The nn.BCELoss is 118.65484619140625, but with my function it is 424.10596. I do not know why in some places I get the right answer and somewhere not.

Can you help on this ? @ptrblck @albanD

ptrblck · June 10, 2020, 5:36am

I’m not completely sure, what you are trying to achieve, but you might saturate the sigmoid function with high or low values as shown in this post.

NoobCoder · June 10, 2020, 5:46am

Thanks for your reply.

The reason I am doing all this is that after my model’s output, I have done some changes.
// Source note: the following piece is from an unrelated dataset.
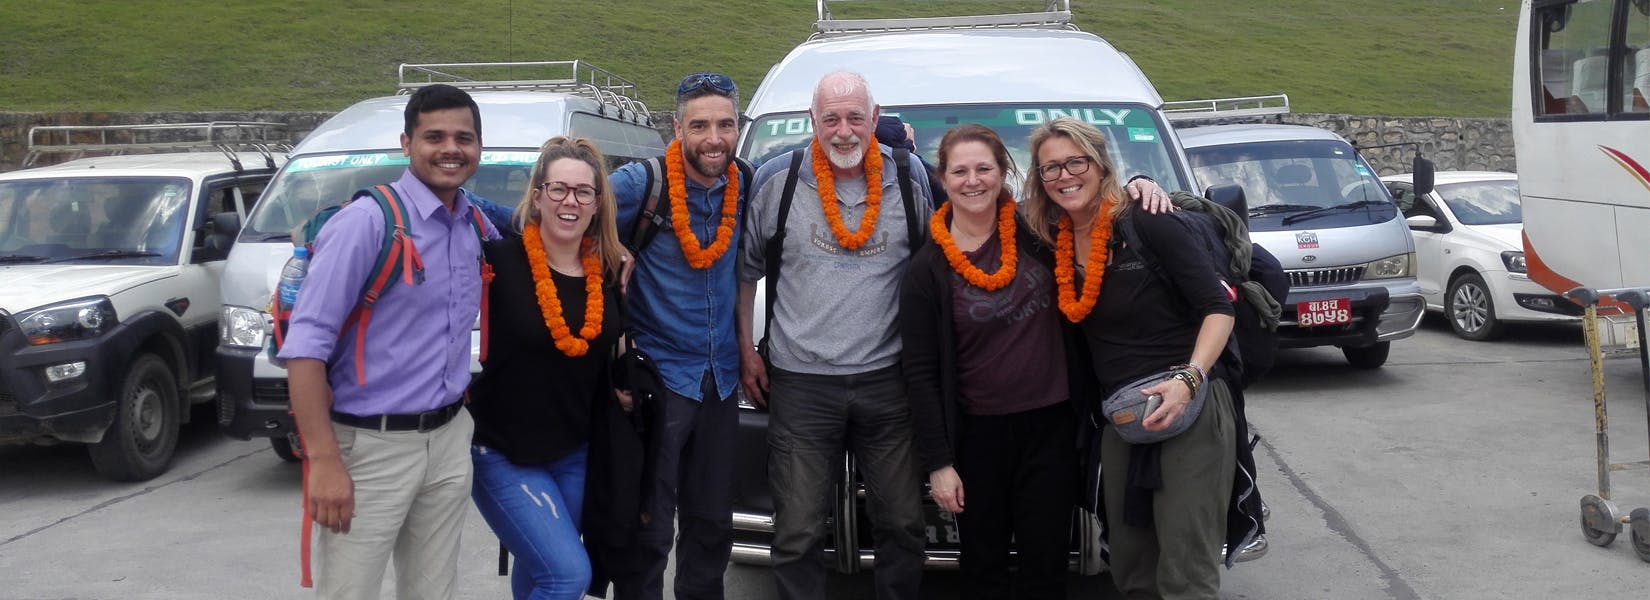 Kathmandu Pokhara Yoga Tour - <span class="font-light">7 days</span>

The Pytorch is calculating the gradient, but the problem is that I have implemented that changes in another way and the value of gradient is different. (with the same initialization, same input and … ) Based on these, I think the Pytorch cannot calculate the gradient correctly, so I used autograd to define my backward too.

I am trying to check the BCELoss’s gradient and output. I have used sigmoid before these layers, but I do not think the problem is Sigmoid here.

I have x and y, and I am trying to compute the loss value and it’s gradient.

The loss value is same in 99% times, but the gradient is never same. I have out the code and the values that I am not getting in here.

In Pytorch implementation, is clamp-log is used for backward too? I mean is this statement right?

if the log(x) is smaller than -100, the gradient is zero
if the log(x) is bigger or equal than -100, the gradient is 1/x

If yes, why I am not getting the same gradient to compare to Pytorch?